§ **EXERCISE DETAILS**: The listing that follows must be retyped exactly, without its pictures.

§ **DATA SECTION**:
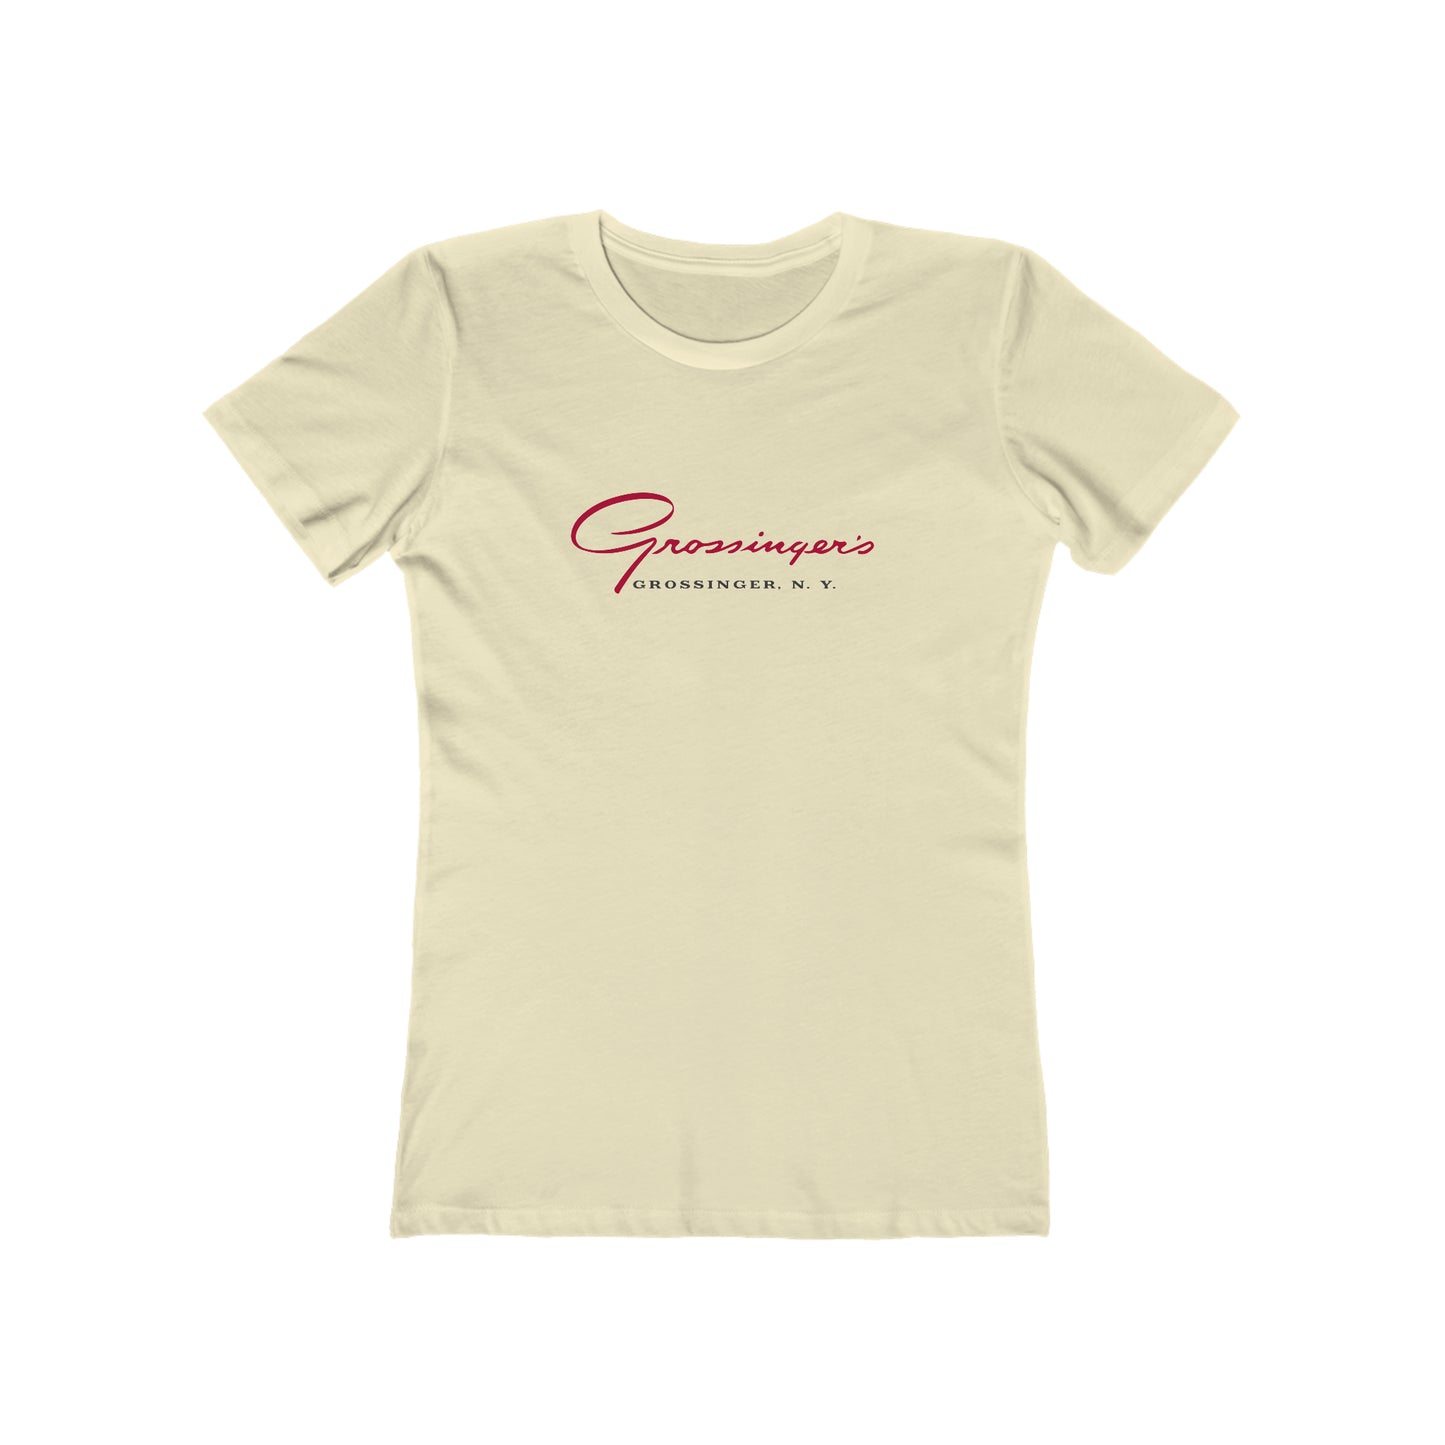 Grossinger's - Women's T-Shirt
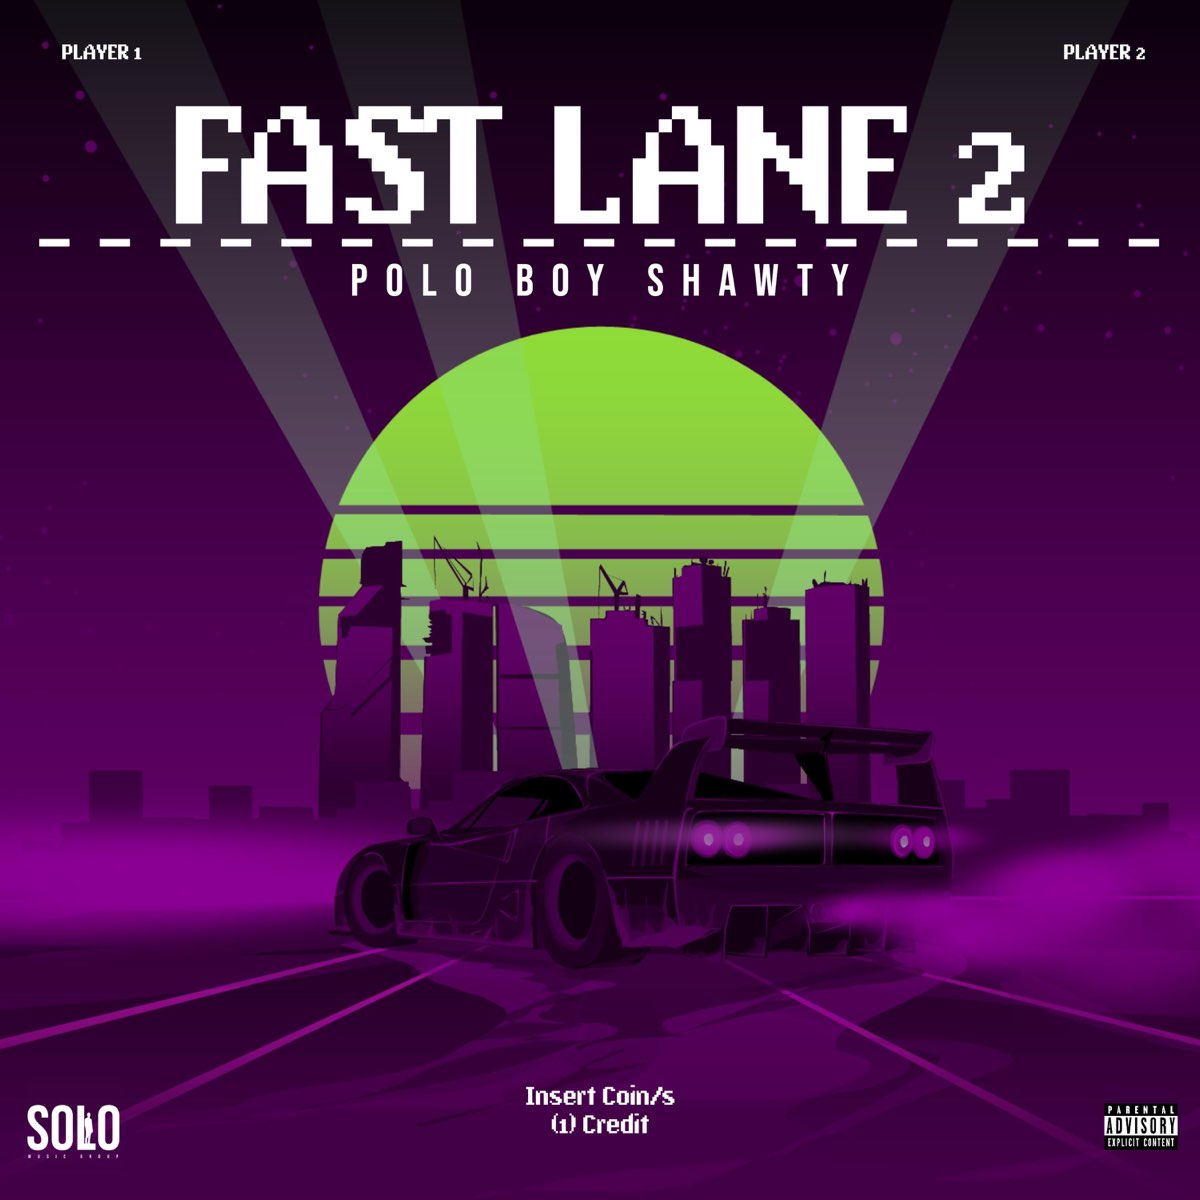 Fast lane 2
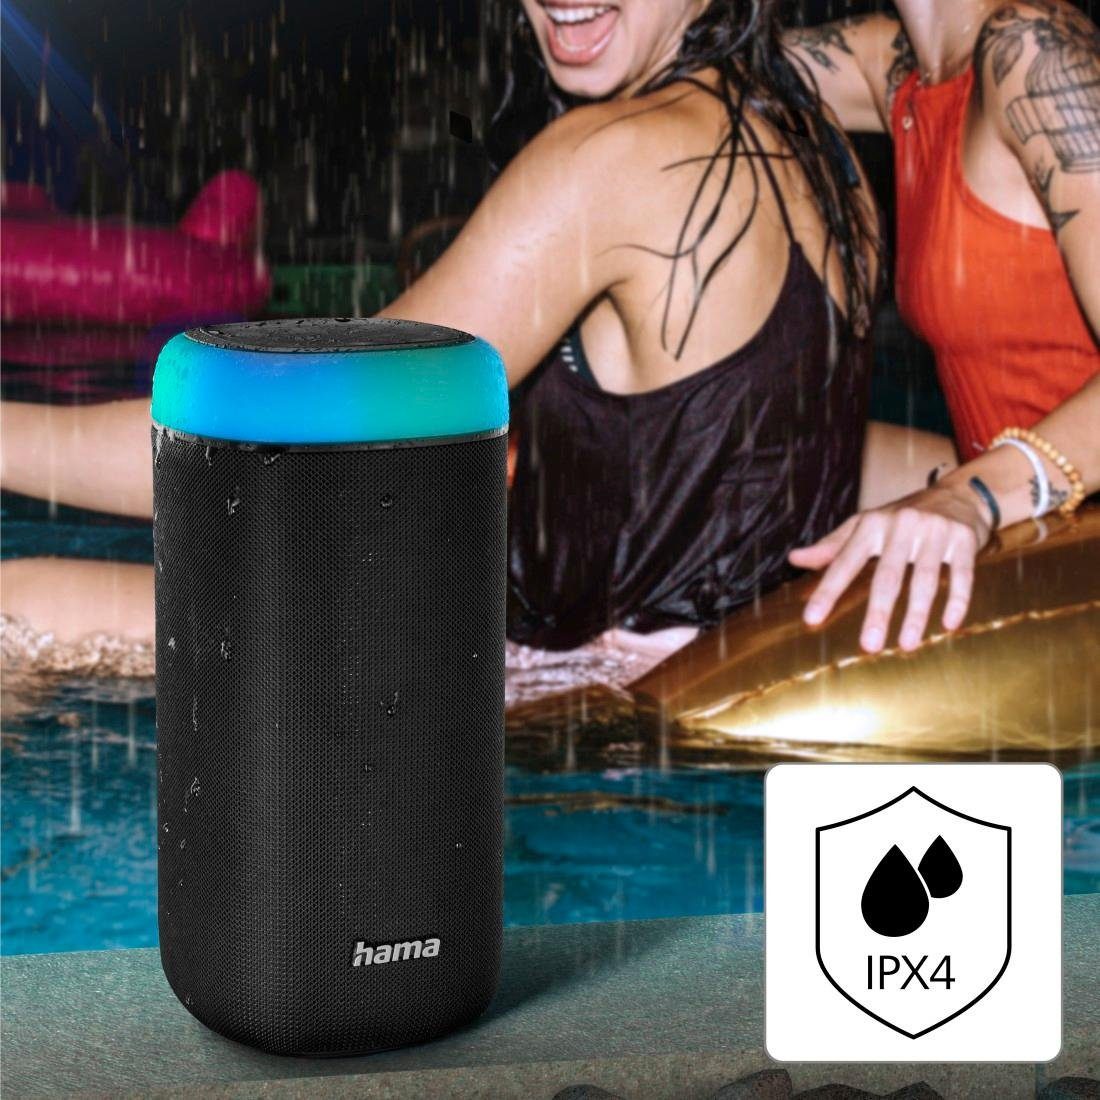 Sound) 360ᵒ spritzwassergeschützt 2.0 LED Bluetooth-Lautsprecher Bass,360ᵒ Xtra Shine Hama Bluetooth Bass schwarz (Freisprechanlage,Xtra Box Sound

§ **OUTPUT FOR THIS EXERCISE**:
 Grossinger's - Women's T-Shirt
 Fast lane 2
 Sound) 360ᵒ spritzwassergeschützt 2.0 LED Bluetooth-Lautsprecher Bass,360ᵒ Xtra Shine Hama Bluetooth Bass schwarz (Freisprechanlage,Xtra Box Sound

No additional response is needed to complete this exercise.